Bay scallops, like hard clams and other shellfish species, are critical for filtering water and as a link in the estuary's food web.

Bay scallops are able to move by closing their two valves and shooting jets of water to propel themselves, unlike most other species of shellfish.

== History ==
Archeological evidence of Native American communities, including the Shinnecock Indian Nation, harvesting scallops in the Peconic Bays is robust. Large numbers of scallop shells have been discovered on locations around eastern Long Island, including Robins Island, Shelter Island, and Orient.

Beginning in the 1870s, the northern bay scallop fishery was an engine of economic growth in communities on and around the Peconic Bays, as well as other coastal communities along the eastern seaboard of the United States. For the following century, Peconic Bay scallops were an important part of the economy, particularly in the winter when other business activity decreased; Peconic Bay scallops are considered the "jewel" of eastern Long Island’s recreational and commercial fishery. In February 1900, thousands of bushels of scallops washed up onto the shores of Peconic Bay.

=== Collapses ===
Records of scallop population collapse date to as early as the 1930s, when eelgrass wasting disease destroyed the scallop's preferred habitat and the population subsequently plummeted.
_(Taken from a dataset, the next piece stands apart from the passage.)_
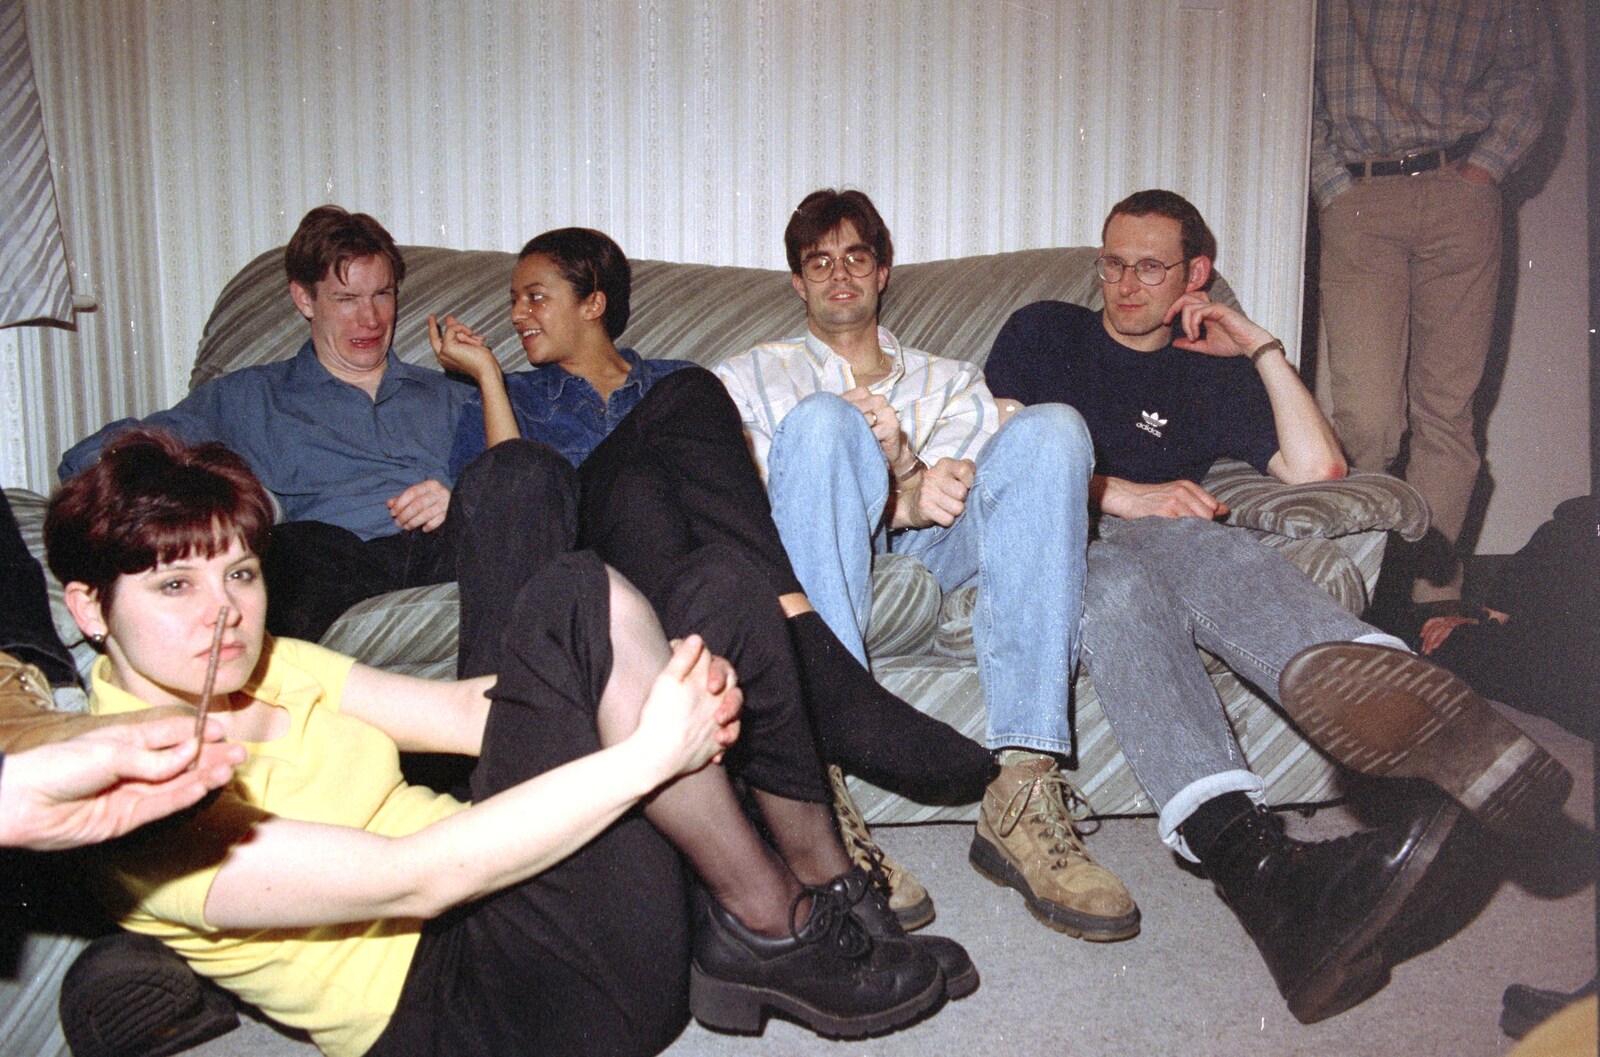 Lisa, Paul, Natalie, Dan 'Parrot' and Dougie from Dougie's Birthday and Adrian Leaves CISU, Ipswich, Suffolk - 29th June 1997

Beginning in 1985 and continuing into 1988, a series of harmful blooms of Aureococcus anophagefferens, also known as a brown tide, occurred in the waters around Long Island and decimated scallop populations. Although restoration efforts began in 1986 and populations began to increase again, another severe brown tide occurred in 1995; the total commercial harvest in New York of 1996 was 53 lbs, compared to a pre-brown tide annual average of 300,000 lbs.

Peconic Bay scallops experience regular die-offs, including one in 2019 and one in 2023; a survey in August 2023 of 21 scallop beds by Cornell University scientists found a total of 30 to 40 adult scallops. The U.S. National Oceanic and Atmospheric Administration declared the collapse of the Long Island scallop fishery a federal disaster in 2021. The value of commercially-fished scallops, after reaching a high of 1.5 million USD in 2018, dropped to 61,000 USD in 2021.
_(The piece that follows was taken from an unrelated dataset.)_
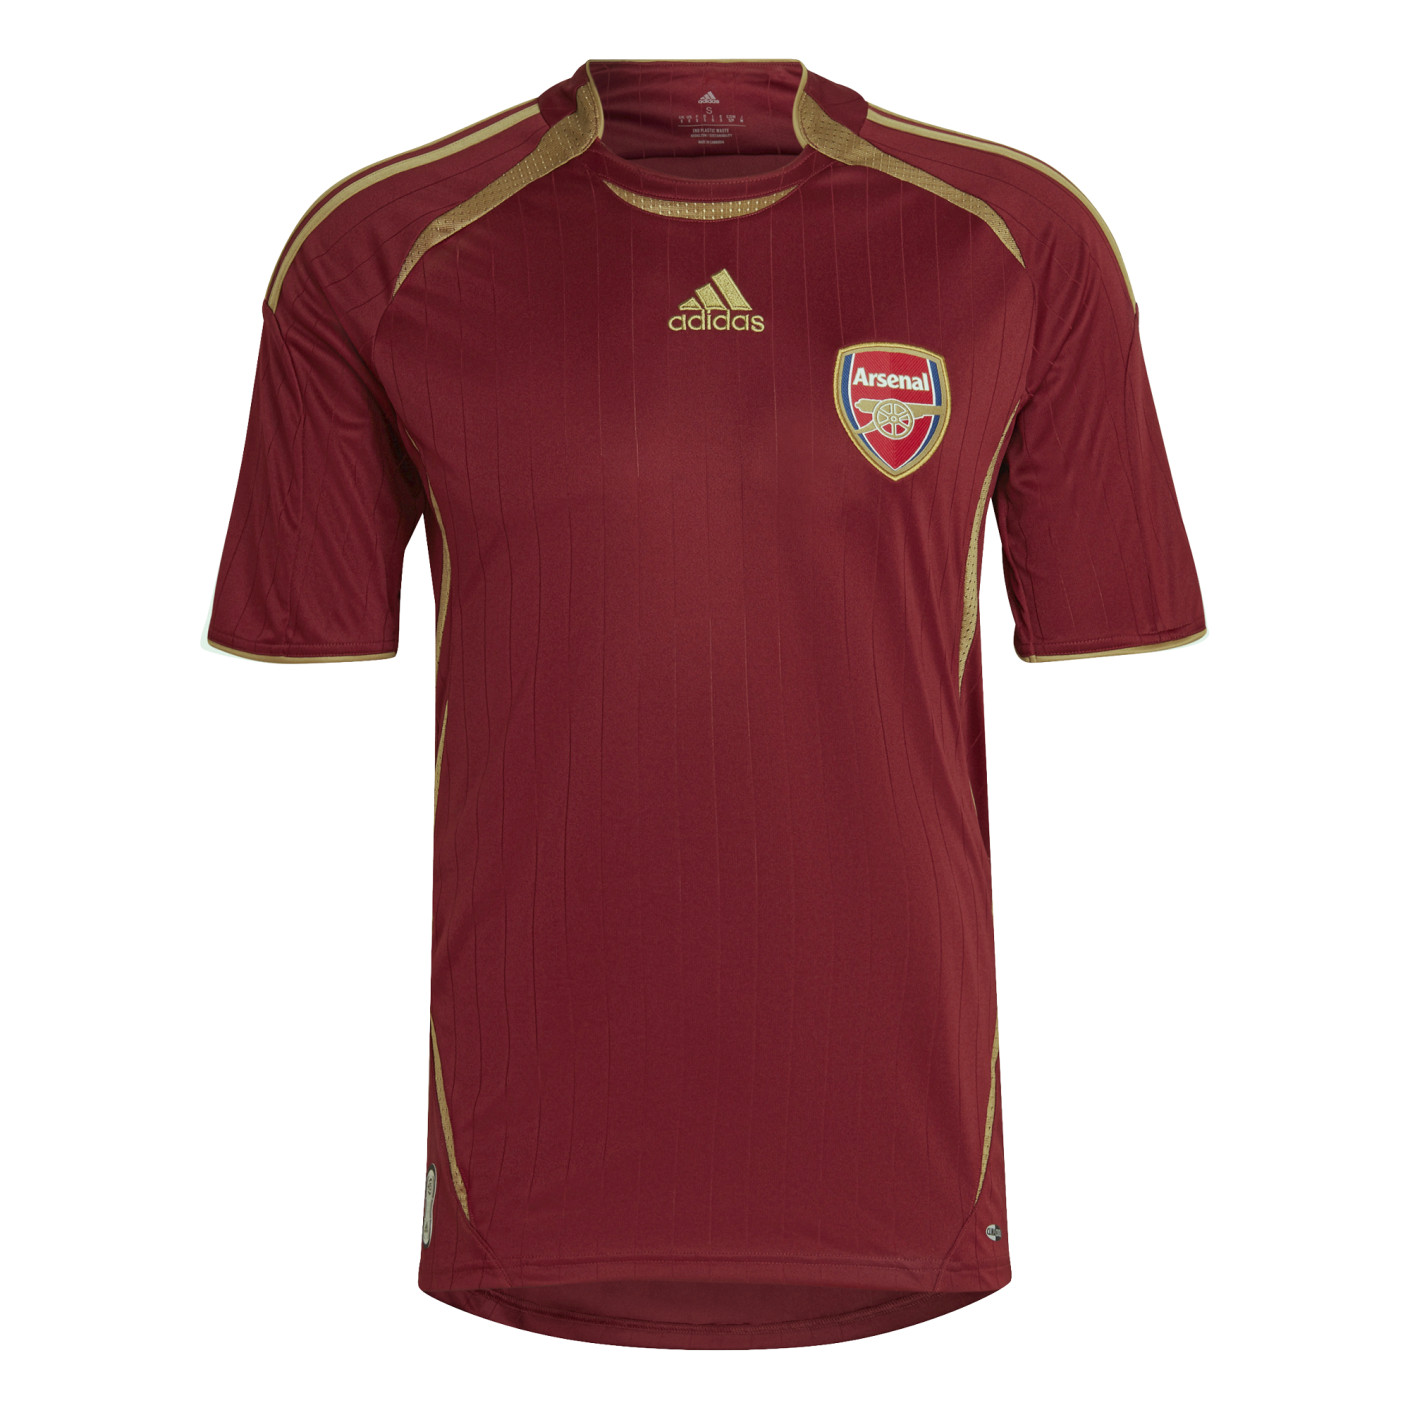 adidas Arsenal Voetbalshirt 2021-2022 Bordeauxrood

Scallops in nearby Moriches Bay, however, have experienced an upsurge in numbers. There have been proposals to transplant some Moriches Bay scallops to Peconic Bay as a test to determine if Moriches Bay scallops are more resilient to stress caused by warming waters and parasites than the Peconic Bay scallop population.

== Conservation ==
A brown algae bloom in 1985 reduced levels of Peconic Bay scallops to 1-2% of historical levels. As a result, the marine program at Cornell Cooperative Extension (CCE) began scallop restoration efforts in the late 1980s that continued into the 1990s.

In 2006 Stephen Tettelbach, head of the Peconic Bay Scallop Restoration Program at the CCE, spearheaded a project to introduce millions of larval scallops into the Peconic Estuary to support wild Peconic Bay scallop populations.

Scientists from Stony Brook University are researching the effects of selective breeding with funding from the New York Sea Grant. At a shellfish hatchery in Southold, New York, marine biologists from Cornell University have begun cultivating Moriches Bay scallop offspring with plans to introduce them into the Peconic Bay scallop population in January 2024. The hatchery used 300 Moriches Bay scallops to produce more than 2 million fertilized eggs, of which more than 1 million have grown into scallops. The hatchery aims to plant up to 200,000 scallops in the Peconic Bay in 2024.

=== Threats ===
In addition to the brown tide, scallop researchers suspect the Peconic Bay populations have been decimated by microsporidia, a spore-forming, unicellular parasite. The Peconic Bay scallops are uniquely vulnerable to the parasite due to heavy inbreeding. Ongoing efforts have worked on increasing genetic diversity among Peconic Bay scallop populations. Laboratory testing revealed that the parasite was most frequently detected in warmer temperatures.